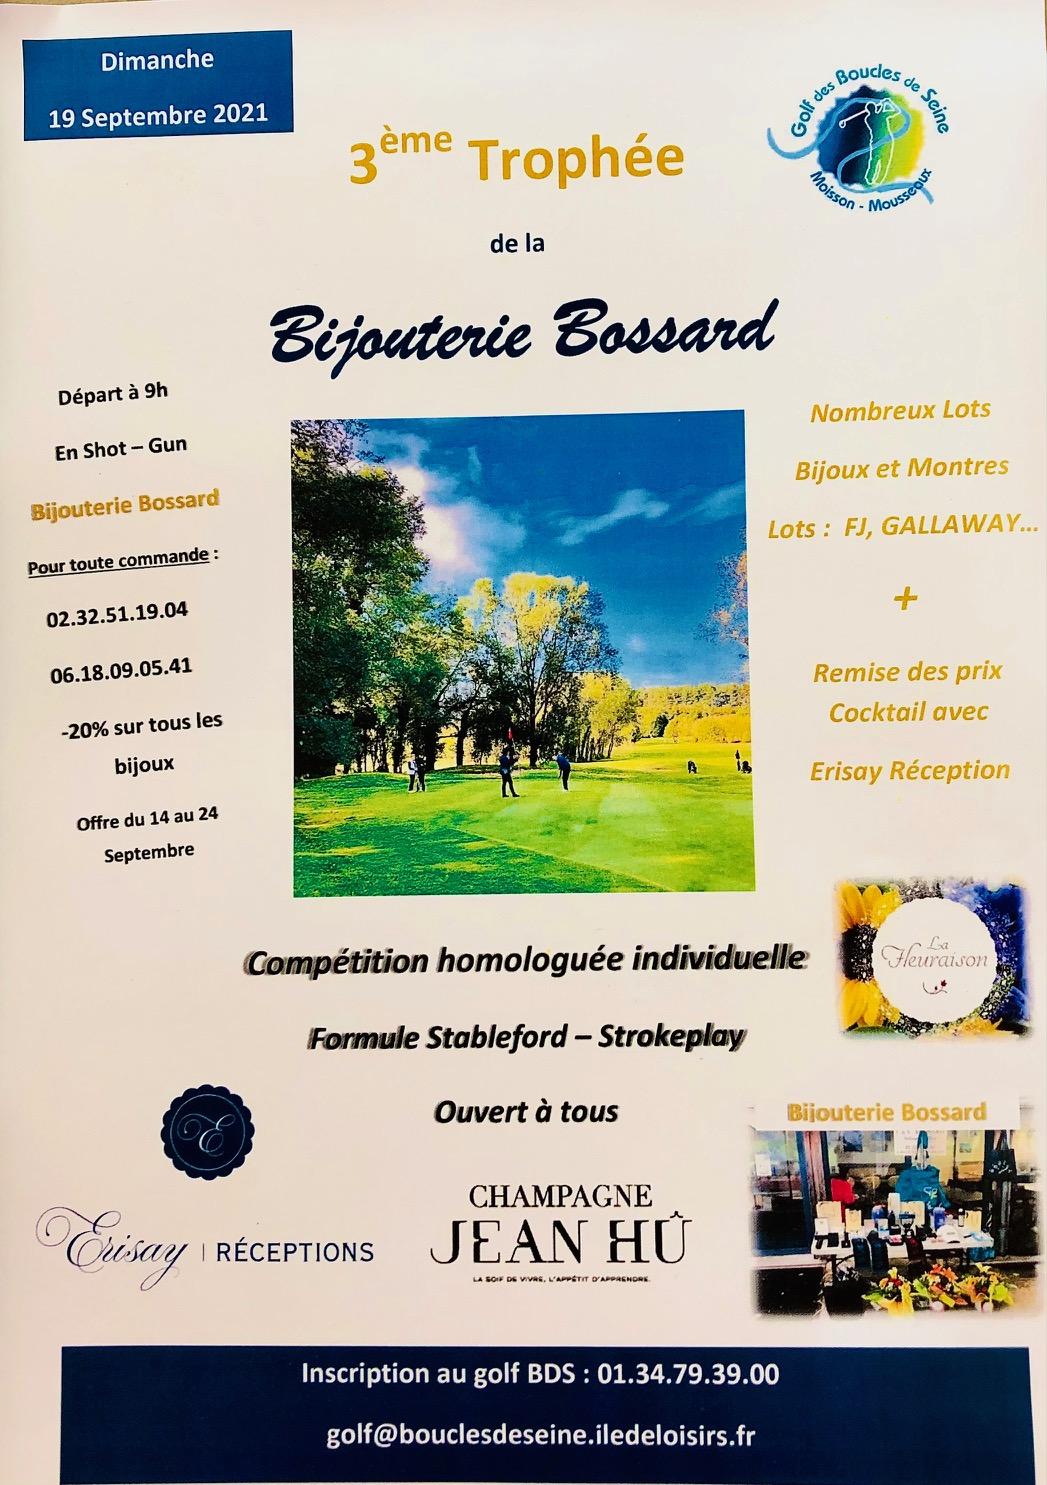 3ème Trophée de la Bijouterie Bossard dimanche 19 septembre au Golf des Boucles de Seine
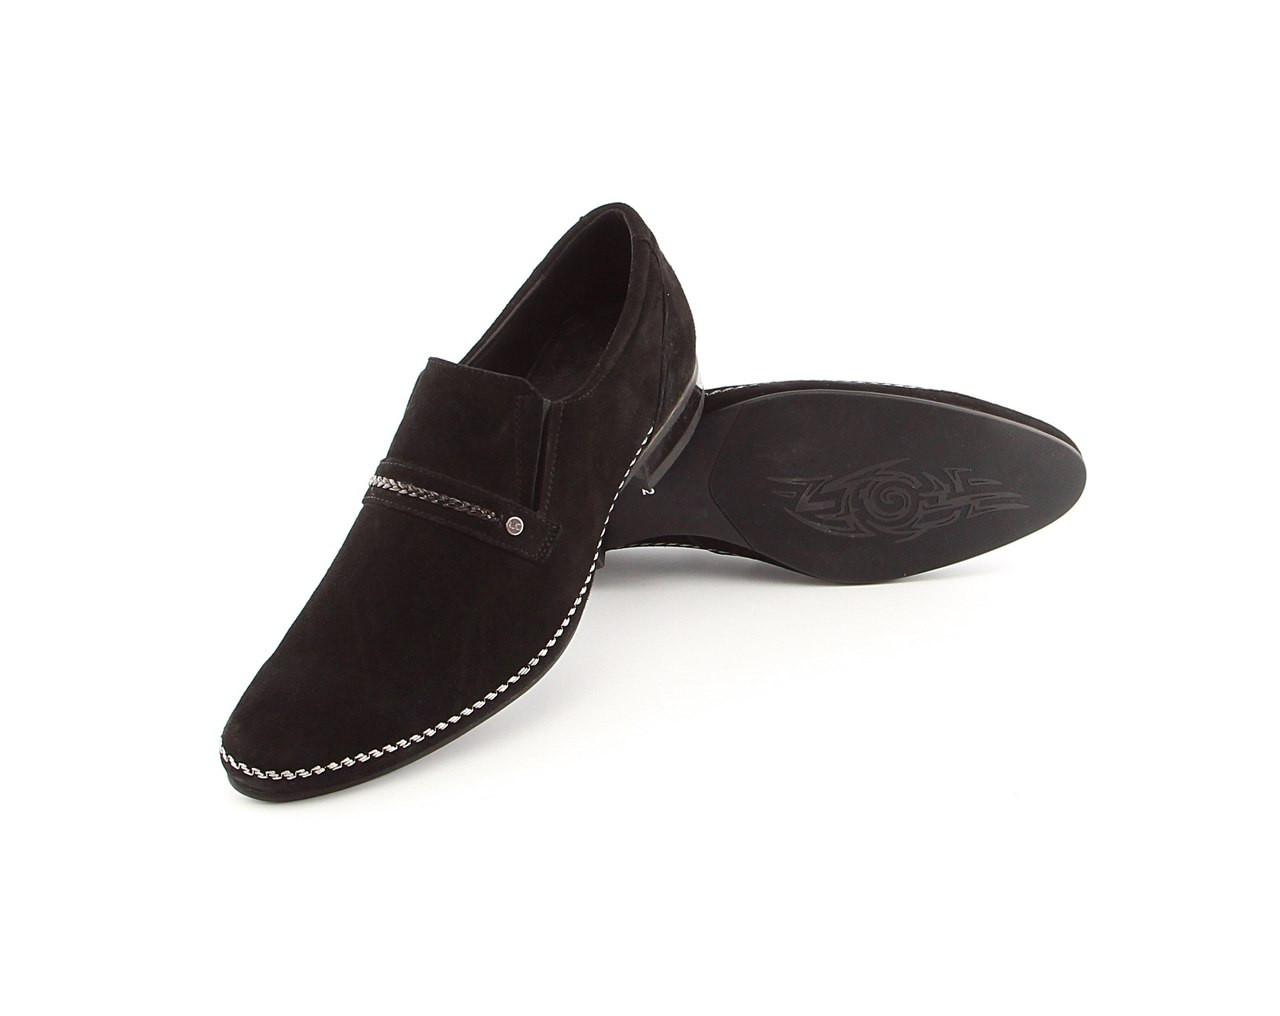 Туфлі Lucky Choice, будь оригінальним!
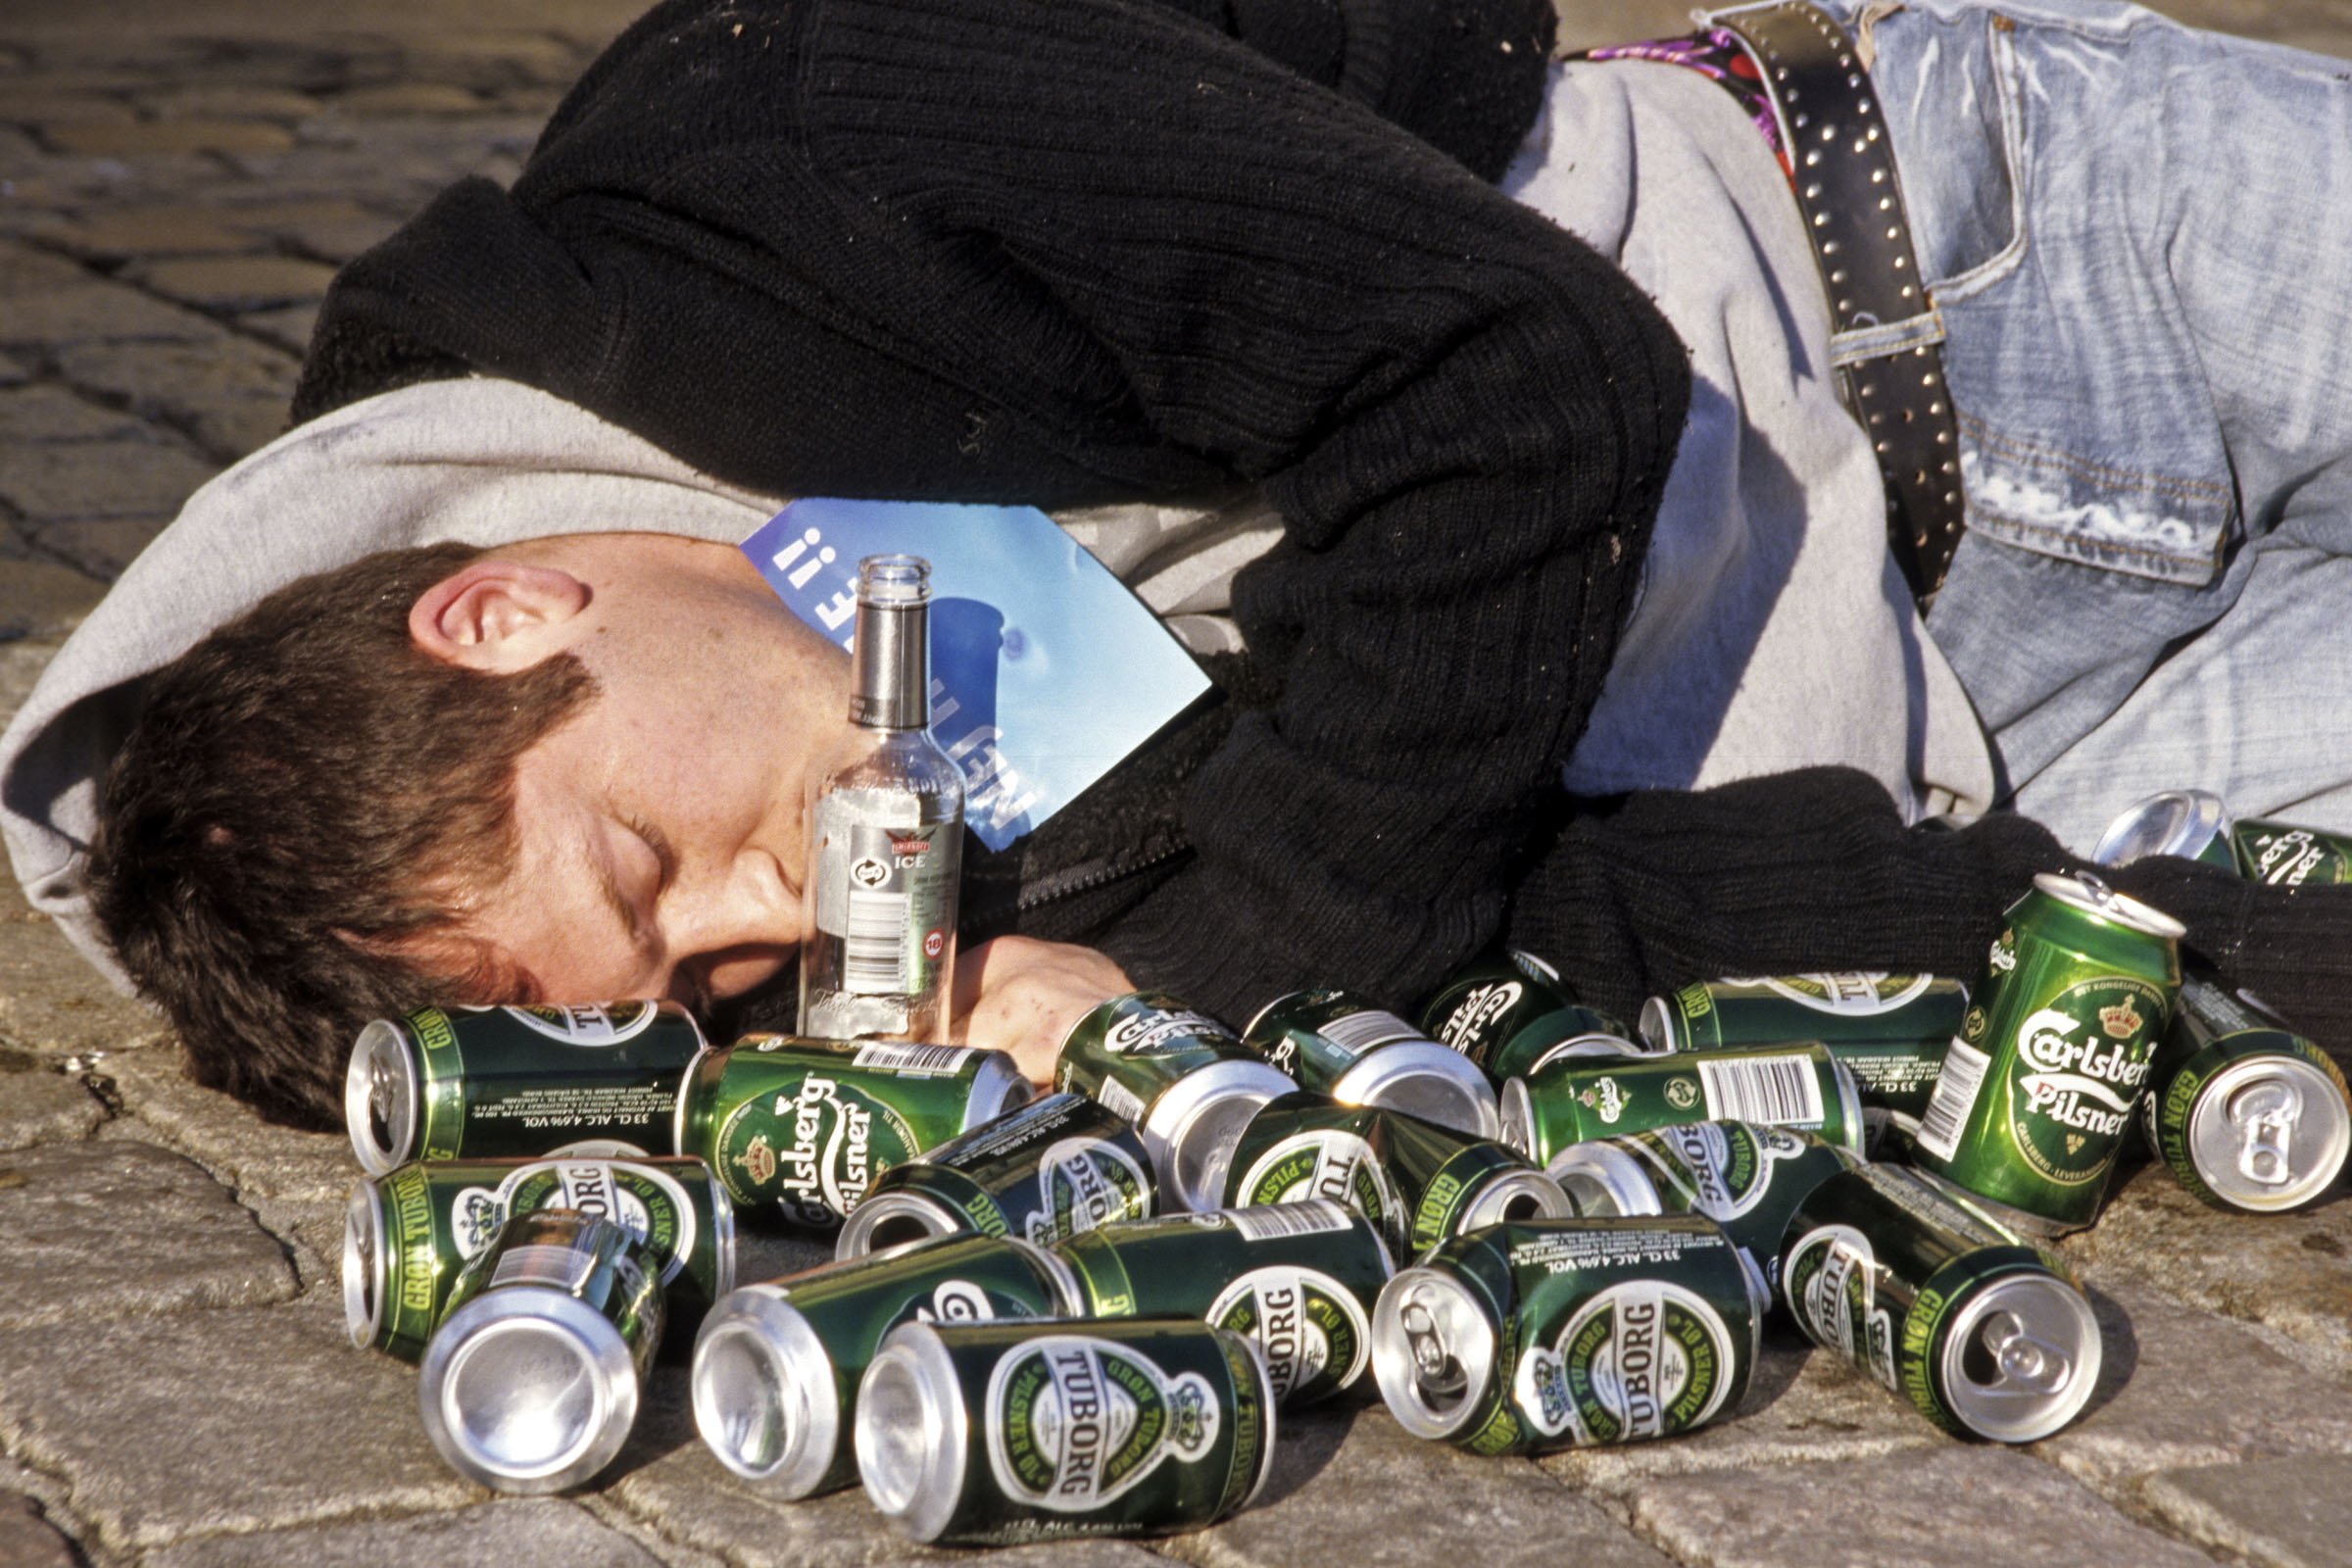 Lehet-e fogyni alkohol mellett?

Goal of the exercise: Copy out the data exactly and keep the pictures out.

Task output:
 3ème Trophée de la Bijouterie Bossard dimanche 19 septembre au Golf des Boucles de Seine
 Туфлі Lucky Choice, будь оригінальним!
 Lehet-e fogyni alkohol mellett?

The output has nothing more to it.